Практики посмертных реабилитаций до тех пор в Советском Союзе вообще не существовало — даже безотносительно к конкретным именам, само это слово «реабилитация», стремительно ворвавшееся в обиходную речь, а изредка даже появлявшееся в печати, звучало предвестием наступления новой эпохи. Ходатайства о пересмотре других приговоров, с которыми обратились Лиля, Катанян и их друзья, ужележали в прокуратуре: их разбирательство тормозилось обилием таких же ходатайств по тысячам дел, но главным образом отсутствием четких указаний из высших партийных инстанций: невидимые тормоза делали свое дело, ведь по-прежнему у партийного руля находились и Молотов, и Каганович, и Маленков, и Ворошилов, и другие, прямо повинные в массовом уничтожении тех, кого сейчас собирались объявить невиновными. И все же то одно, то другое имя — обруганное и забытое — возвращалось из небытия.
В этой обстановке нараставшей с каждым днем эйфории и ожидания еще более вдохновляющих перемен Лиля и Катанян получили летом 1955 года заграничные паспорта и отправились гостить к Арагонам — в Париж.

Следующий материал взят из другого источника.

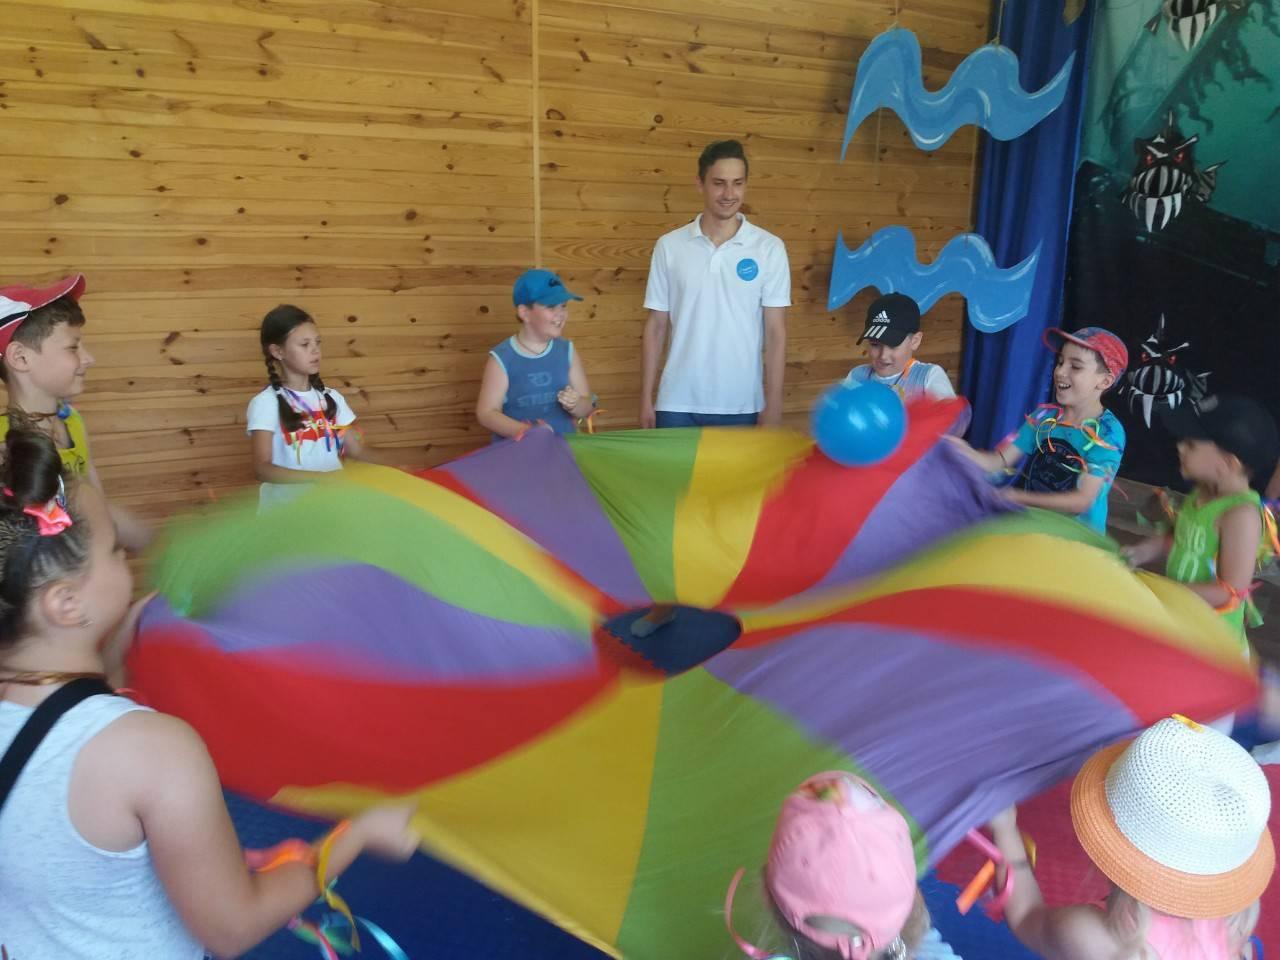 Языковые детские лагеря в чехии  2021 - купить путевку, бронирование бесплатно

Почти четверть века отделяло это радостное событие от их последней встречи за пределами Советского Союза: после гибели Примакова, а тем более после расстрела Агранова, Лиля стала невыездной.
У Арагонов была уже не только квартира в Париже, но и просторная дача, в которую стараниями и упорством Эльзы превратилась давно переставшая функционировать мельница. С тех пор у дачи и появилось это немудреное имя. Здесь, на Мельнице, Лиля узнала, что в Бюллетене Гарвардского университета по инициативе и с предисловием Романа Якобсона увидел свет теперь уже полный, а не сокращенный, текст — русский, оригинальный — «Письма Татьяне Яковлевой», к тому же не зашифрованный инициалами и позволявший понять, сколько еще белых пятен в биографии Маяковского ждут своего объяснения. Джинна выпустили из бутылки, и никто уже не смог бы остановить его свободный полет.
Наступил февраль 1956 года. Шел Двадцатый партийный съезд, вряд ли хоть кто-нибудь мог предвидеть, каким окажется его финал, но все понимали: что-то будет…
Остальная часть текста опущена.